VIOXX™

rofecoxib

12.5mg, 25mg Tablets

12.5mg, 25mg Oral suspension

Presentation

VIOXX 12.5 mg tablet is a cream/off-white round shallow cup tablet engraved 'MSD 74' on one side and 'VIOXX' on the other. Each tablet contains 12.5 mg of rofecoxib.

VIOXX 25 mg tablet is a yellow round tablet engraved 'MSD 110' on one side and 'VIOXX' on the other. Each tablet contains 25 mg of rofecoxib.

VIOXX oral suspension comes in 2 strengths, both are opaque white to faint yellow suspensions. Each 5 mL dose contains either 12.5 mg or 25 mg of rofecoxib.

Therapeutic Class

VIOXX (rofecoxib), is a member of a new class of arthritis/analgesia medications called Coxibs. VIOXX is a cyclooxygenase-2 (COX-2) specific inhibitor .

Indications

VIOXX is indicated for:

Acute and chronic treatment of the signs and symptoms of osteoarthritis.

Relief of pain.

Treatment of primary dysmenorrhoea.

Dosage and Administration

VIOXX is administered orally.

Osteoarthritis

The recommended starting dose is 12.5mg once daily. Some patients may receive additional benefit by increasing the dose to 25mg once daily. The maximum recommended daily dose is 25mg.

For the Relief of Acute Pain and Treatment of Primary Dysmenorrhea

The recommended initial dose is 50mg once daily. Subsequent doses should be 25 to 50mg once daily. The maximum recommended daily dose is 50mg.

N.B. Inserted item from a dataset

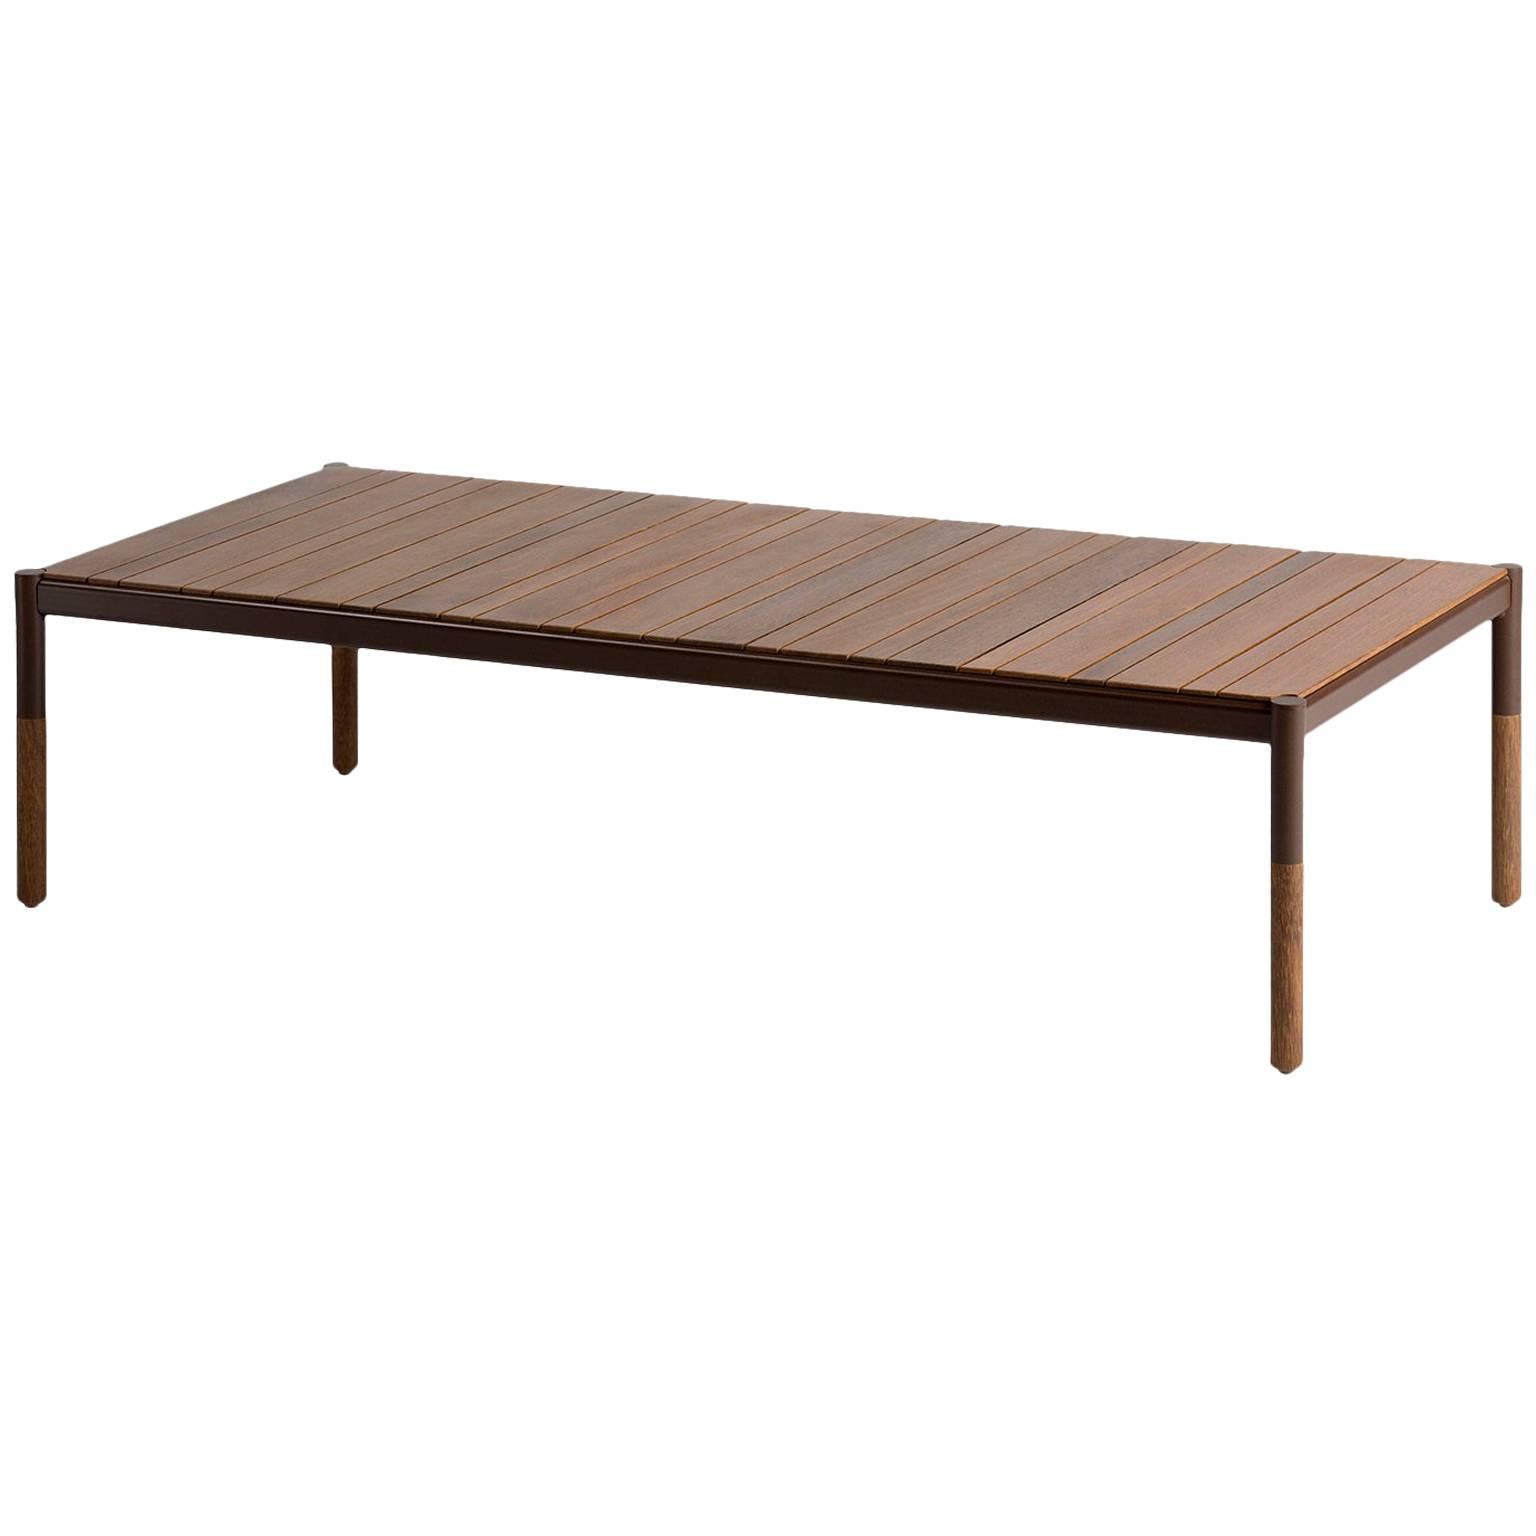 Hardwood and Metal Outdoor Center Table, Minimalist Design

No dosage adjustment is necessary for elderly patients, for patients with mild-to-moderate renal insufficiency (creatinine clearance 30 to 80mL/min) or for patients with mild-to-moderate hepatic insufficiency (Child-Pugh score 5-9). There are no clinical data in patients with severe hepatic insufficiency (Child-Pugh score >9).

VIOXX may be taken with or without food.

Oral Suspension

VIOXX Oral Suspension 12.5 mg/5mL or 25 mg/5mL may be substituted for VIOXX Tablets 12.5 or 25mg, respectively, in any of the above indications.

Contraindications

VIOXX is contraindicated in patients with hypersensitivity to any component of this product.

Warnings and Precautions

In patients with advanced renal disease, treatment with VIOXX is not recommended. Clinical experience in patients with estimated creatinine clearance of <30 mL/min is not available. If therapy with VIOXX must be initiated in such patients, close monitoring of the patient's renal function is advisable.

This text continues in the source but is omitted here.